ELares · ELares · Jun 16, 2026 · Jun 16, 2026
@@ -0,0 +1,97 @@
+<!-- SPDX-License-Identifier: MIT OR Apache-2.0 -->
+
+# IronCache efficiency findings and optimization scope (A6, dated 2026-06-16)
+
+This is the "scope the gap" step of the performance track (task A6): now that the
+measurement harness exists (A1 memory model, A2 load generator, A3 reproducible
+run, A4 head-to-head, A5 per-PR regression gate), this records where IronCache
+actually stands against the bar and scopes the optimization work precisely,
+rather than optimizing speculatively. The track's principle holds: you do not
+optimize what you have not measured, and you do not rewrite the store waist
+blind.
+
+## How these numbers were taken (and their caveats)
+
+An INDICATIVE head-to-head via `scripts/bench/headtohead.sh`:
+
+- IronCache `0.0.0` vs **redis-server 7.2.1** as a wire-compatible STAND-IN. The
+  published bar is the pinned **valkey-server 9.1.0** (docs/bench/COMPETITORS.md);
+  Valkey 8.0+ embeds keys/values, so its memory will differ from this 7.2 redis.

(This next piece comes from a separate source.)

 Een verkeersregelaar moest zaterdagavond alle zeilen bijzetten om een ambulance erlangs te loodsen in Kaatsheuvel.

+- **Unpinned, on a 10-core macOS dev box** (no taskset), with the load generator
+  co-resident on the same cores as the server. So the THROUGHPUT comparison is
+  contention-bound and NOT authoritative.
+- 300,000 keys, 128-byte values, zipf 0.99, 90% reads, 50 connections, 5s.
+
+The authoritative verdict requires running the same harness on a pinned Linux box
+(disjoint server/client cores) against valkey-server 9.1.0. That run is a
+CI/dedicated-runner activity; the harness is ready for it.
+
+## Indicative results
+
+| Metric | IronCache | redis 7.2.1 | IronCache / competitor |
+| --- | ---: | ---: | ---: |
+| bytes-per-key (used_memory delta / N) | 527 | 245 | **2.15x (worse)** |
+| qps-per-core (closed-loop, unpinned) | 7151 | 7528 | 0.95x |
+| open-loop p50 | 1006 us | 4187 us | 0.24x (better) |
+| open-loop p99 | 2513 us | 65663 us | 0.04x (better) |
+
+### What is trustworthy vs not
+
+- **bytes-per-key (~2.1x heavier) is RELIABLE.** It is a deterministic
+  `used_memory` delta over an identical deterministic populate; it is not
+  sensitive to pinning, contention, or the co-resident load generator. This is a
+  real gap and the same direction the A1 memory model predicted.

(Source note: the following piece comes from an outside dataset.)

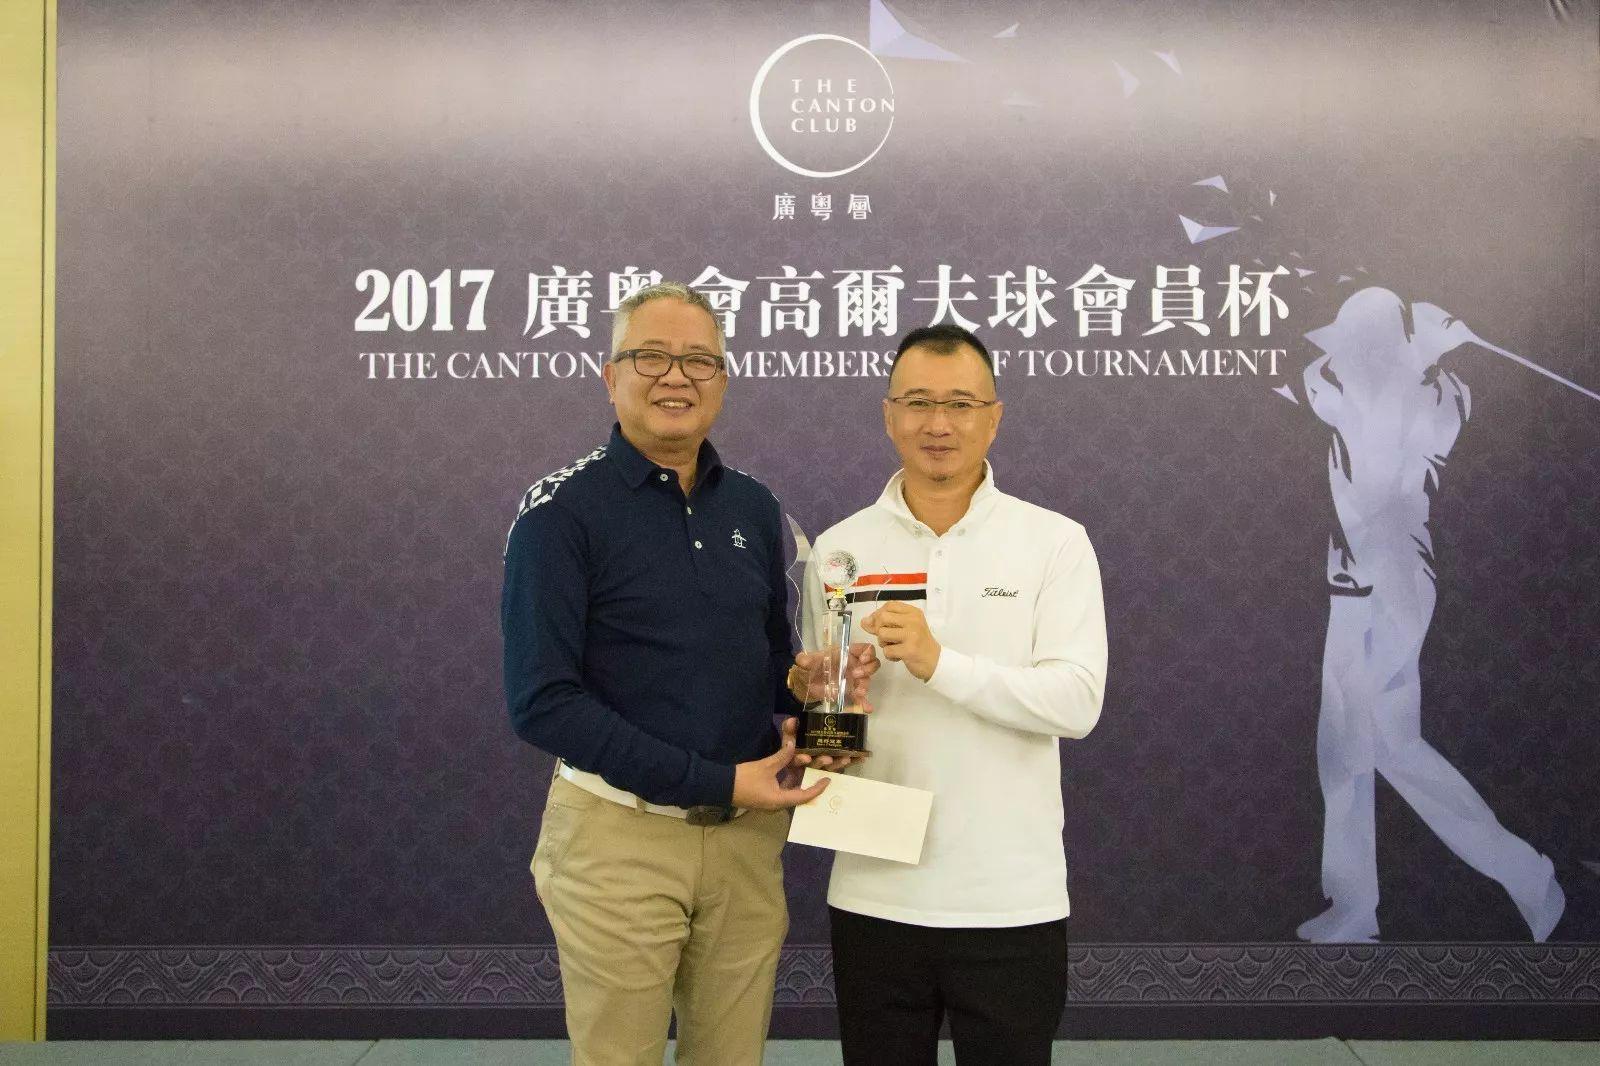 黄春华的个人简历 - 大泉州人才网 QzRc.com

+- **qps-per-core (~parity) is NOT authoritative.** On an unpinned box with the
+  load generator stealing cores from the server, this is contention/loopback
+  bound, not a clean server-throughput measurement. IronCache's far lower p50/p99
+  latency suggests headroom that a pinned run would expose; the pinned Linux run
+  is needed before drawing a throughput conclusion.
+
+## The memory gap, decomposed (A1 memory model)
+
+The A1 `memmodel` decomposition (object vs table slack) locates the ~2.1x:
+
+1. **Fat per-slot value.** The stored-value type (`KvObj`) is sized for its
+   largest inline variant, so every hash-table slot reserves that footprint even
+   for an int or a short string. Measured per-slot footprint is ~160 bytes. Redis
+   and Valkey keep a pointer-sized slot and put the object behind it (Valkey 8.0+
+   even embeds small ones in a single allocation), so their per-entry overhead is
+   much smaller.
+2. **Hash-table slack.** The Swiss-table (hashbrown) bucket array runs at up to
+   7/8 load, so at the operating load factor the slot array contributes ~210
+   bytes/key of amortized slack on top of the slot's own size. A fatter slot
+   makes this slack proportionally worse.
+
+Together these dominate the overhead: of ~527 bytes/key for a 128-byte value,
+roughly 400 bytes is metadata + slack, versus roughly 120 bytes for redis.
+
+## Optimization scope (prioritized; each its own effort)
+
+These are scoped, NOT executed here: each touches the frozen Store waist or the
+index and so needs its own design, PR, and review, targeted against the real
+pinned-Linux-vs-valkey numbers. All are now protected by the A5 perf-gate, which
+will catch any throughput regression an optimization introduces.
+
+- **L1 (highest impact): shrink the per-slot footprint.** Box the large `KvObj`
+  variants so the table slot holds a small (near pointer-sized) value, slashing
+  both the slot size AND the amortized table slack per key. Expected to bring
+  bytes-per-key toward the Redis/Valkey range. Risk: a pointer indirection on the
+  read hot path; must be benchmarked against the throughput gate before it lands.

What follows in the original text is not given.